Mientras subía por la grada, Alicia sonreía satisfecha. Pero la sonrisa desapareció al ver a la elegante figura con gabardina que esperaba a la salida. Durante un segundo consideró la posibilidad de volver con sus amigos. Pero decidió, con la cabeza alta, proseguir su ascenso. Ignoró la mano que Francesco le tendió, pero en una silenciosa y gélida aquiescencia, lo acompañó a la calle. El hombre agarró a la joven con fuerza de la cintura para atraerla hacia él.

–Necesito hablar contigo –le dijo al oído mientras la soltaba.

–No –contestó ella con sequedad.

–Entiendo tu hostilidad…

–¡Quién mejor que tú para entenderla!

–Sabes de sobra cuántas veces he intentado contactar contigo, Alicia –él la miró furioso–, pero no respondes a mis llamadas y mis cartas son devueltas sin abrir. Y las súplicas dirigidas a tu madre han sido inútiles.

–Pues claro. Seguía mis instrucciones –ella alzó la barbilla.

–Dio. Esto está imposible –Francesco la empujó a un lado para evitar ser arrollados por la multitud–. Acompáñame al hotel.

–¿Después de lo sucedido la última vez que estuvimos juntos en un hotel? –ella le dedicó una mirada asesina–. ¡Ni lo sueñes, Francesco! –intentó soltarse, pero él la sujetó con fuerza.

–Pues precisamente lo único que tengo son sueños de ti –él la miró fijamente–. Y cuando al fin recibí una carta tuya, resultó ser tu… tu condoglianze por la muerte de mi madre.

–Y sólo la recibiste porque mi madre insistió en ello.

–¿Tanto me odias, Alicia? –la mirada de él se ensombreció.

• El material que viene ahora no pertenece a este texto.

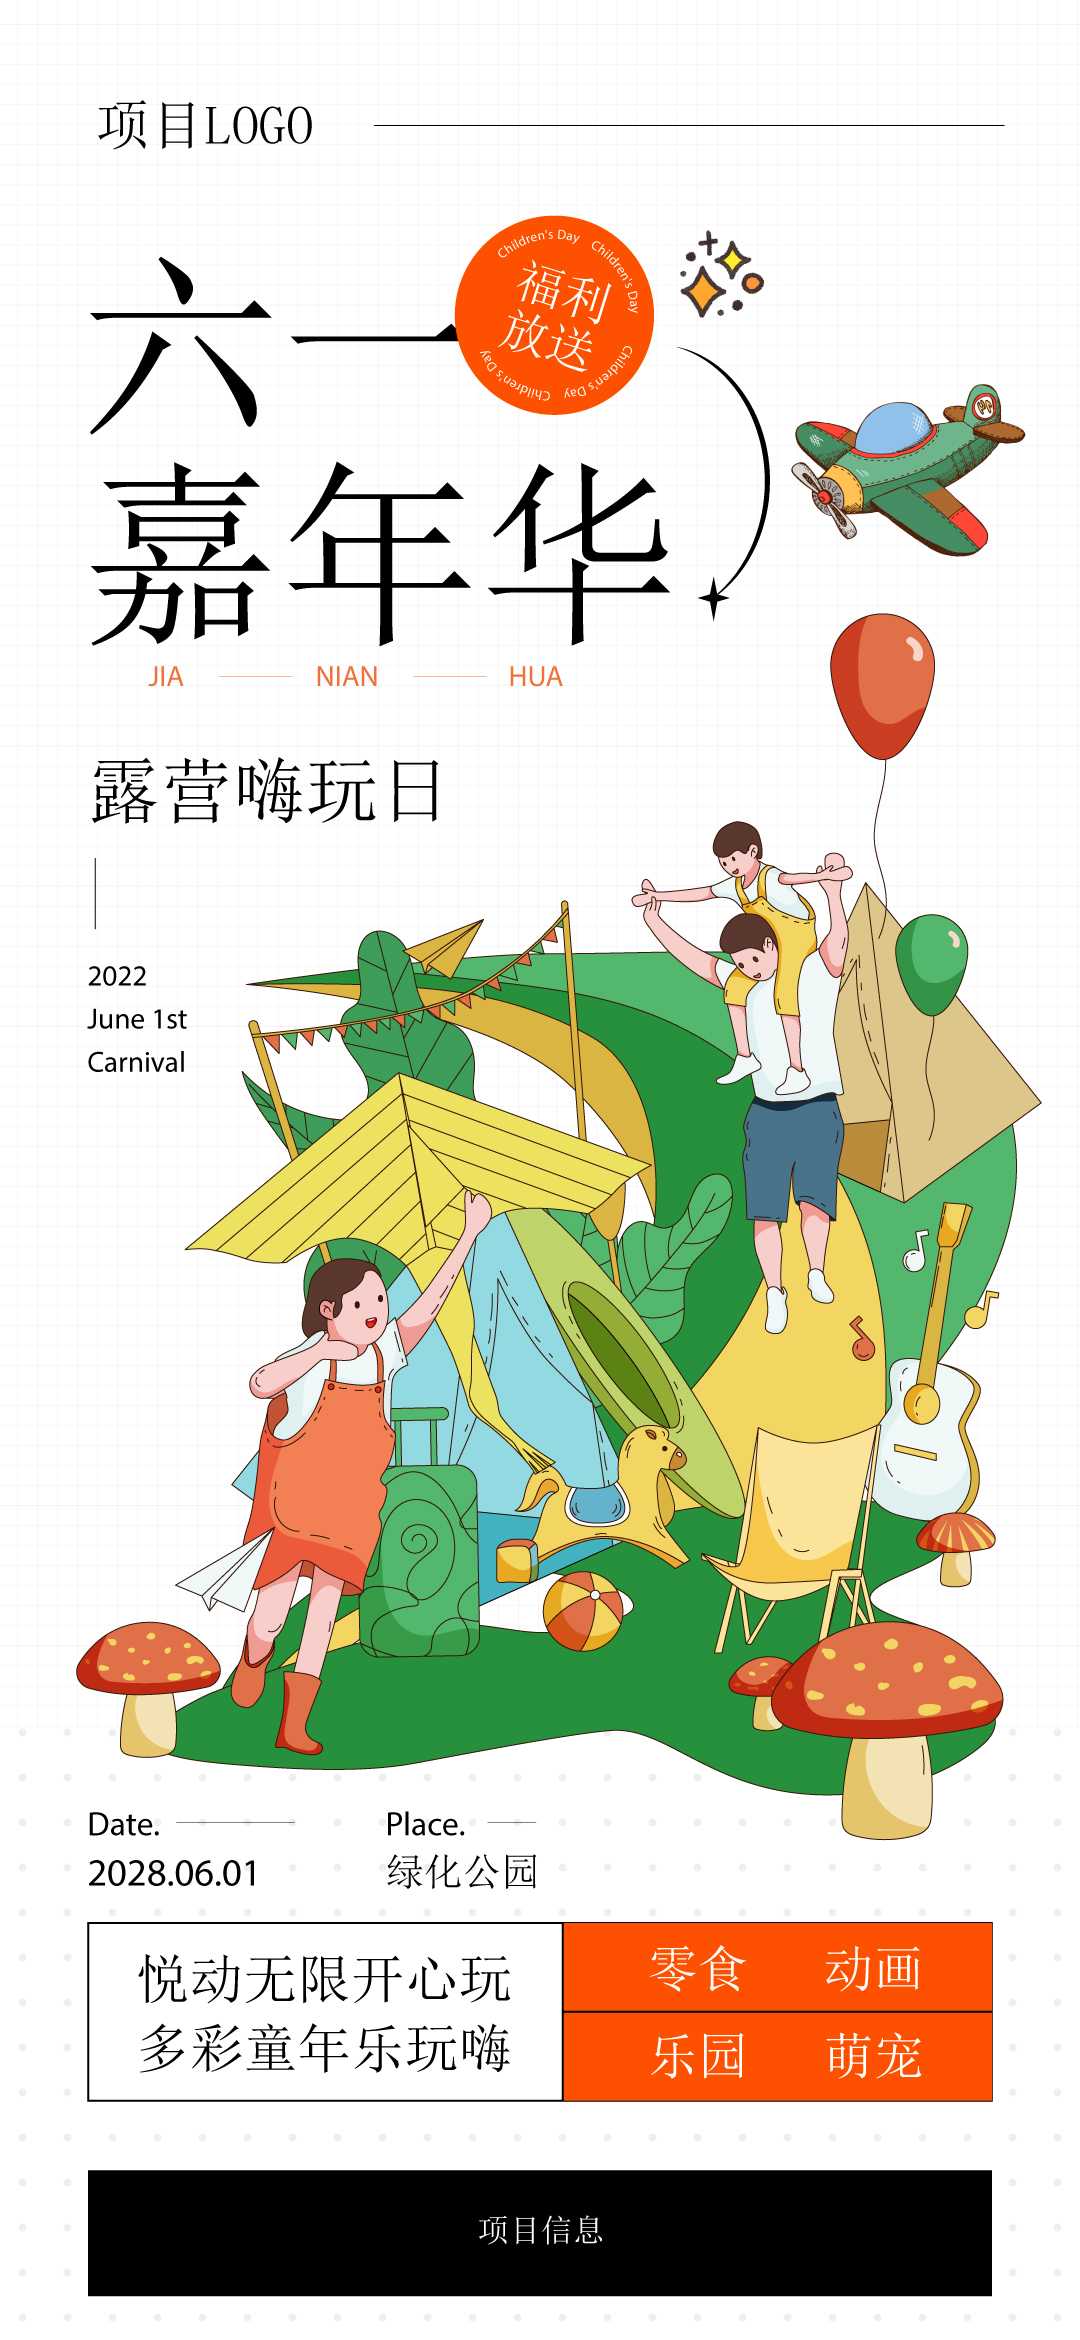 六一梦幻嘉年华：绿化公园的欢乐盛宴创意海报插画
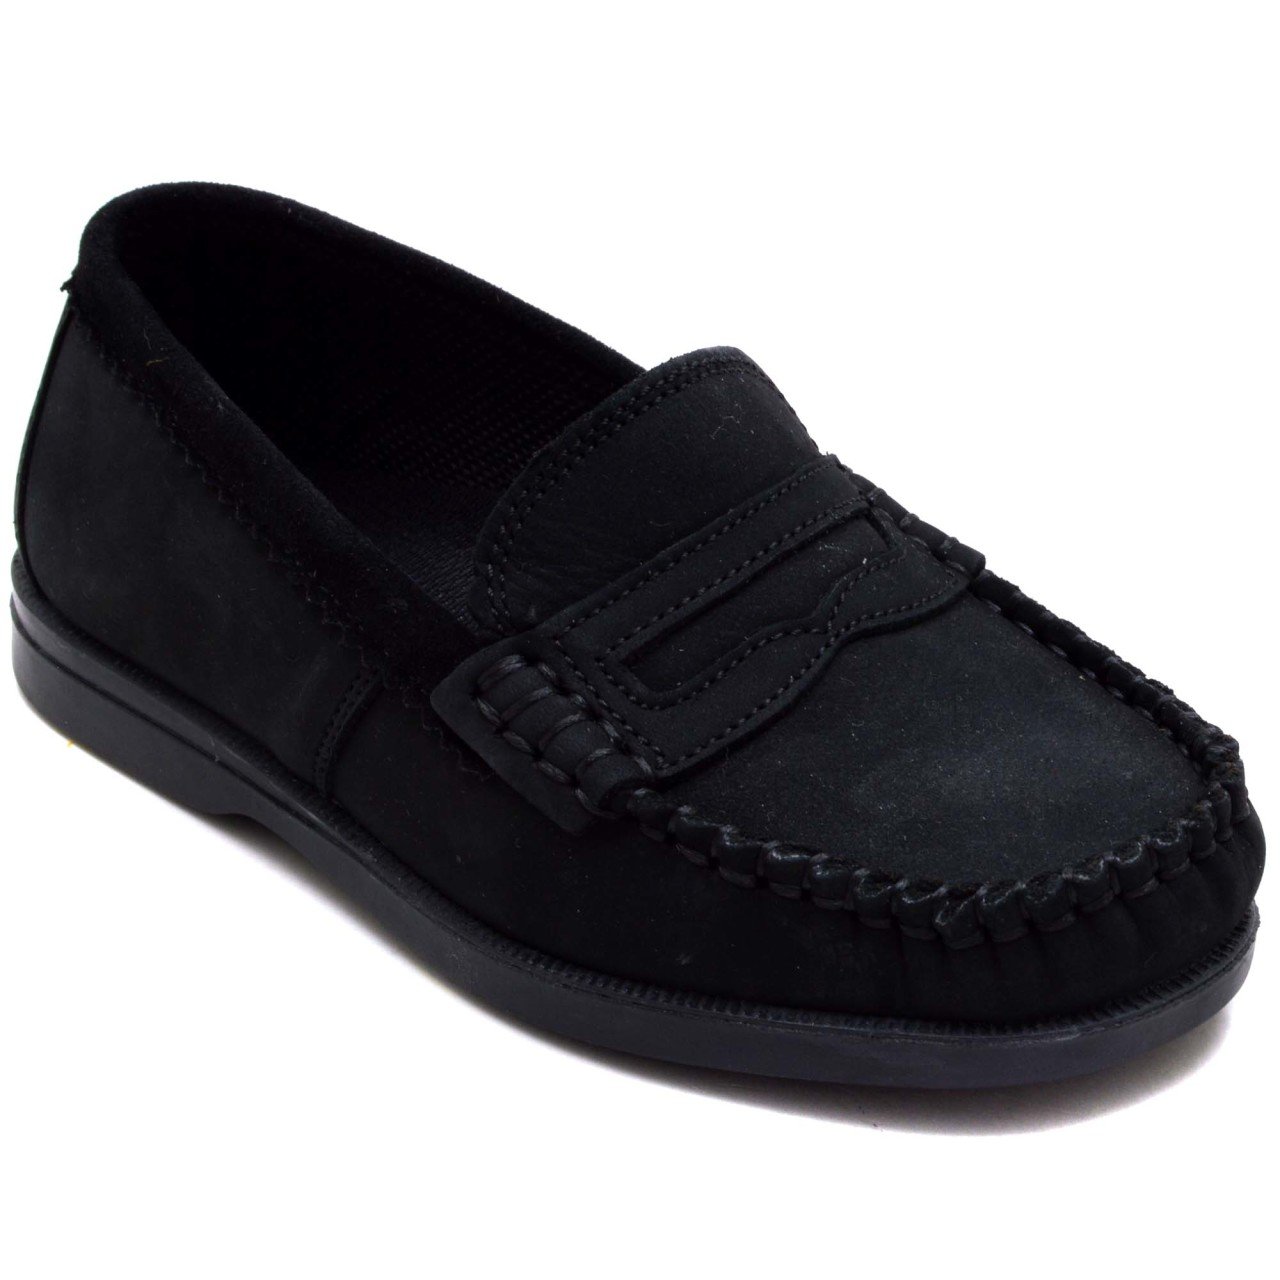 ALB 205 Patik Okul Ayakkabısı - Siyah (Deri)

–Cielo santo. No –ella sonrió con pena–. Ya no siento nada por ti, Francesco. Esta conversación… ¿Acaso quieres el divorcio? Si es eso, no necesitas mi acuerdo. Y para tu tranquilidad, signor conte, no quiero nada de ti. Firmaré lo que quieras. Por lo que a mí respecta, eres un hombre libre.

–Fuimos casados por un cura ante Dios, Alicia –él sacudió la cabeza–. Aún eres mi esposa.

–¡Sólo en un papel! Como novia resulté estar muy por debajo de tus exigencias. Algo que me dejaste claro de la forma más cruel –ella alzó una ceja–. ¿No quieres anular el matrimonio?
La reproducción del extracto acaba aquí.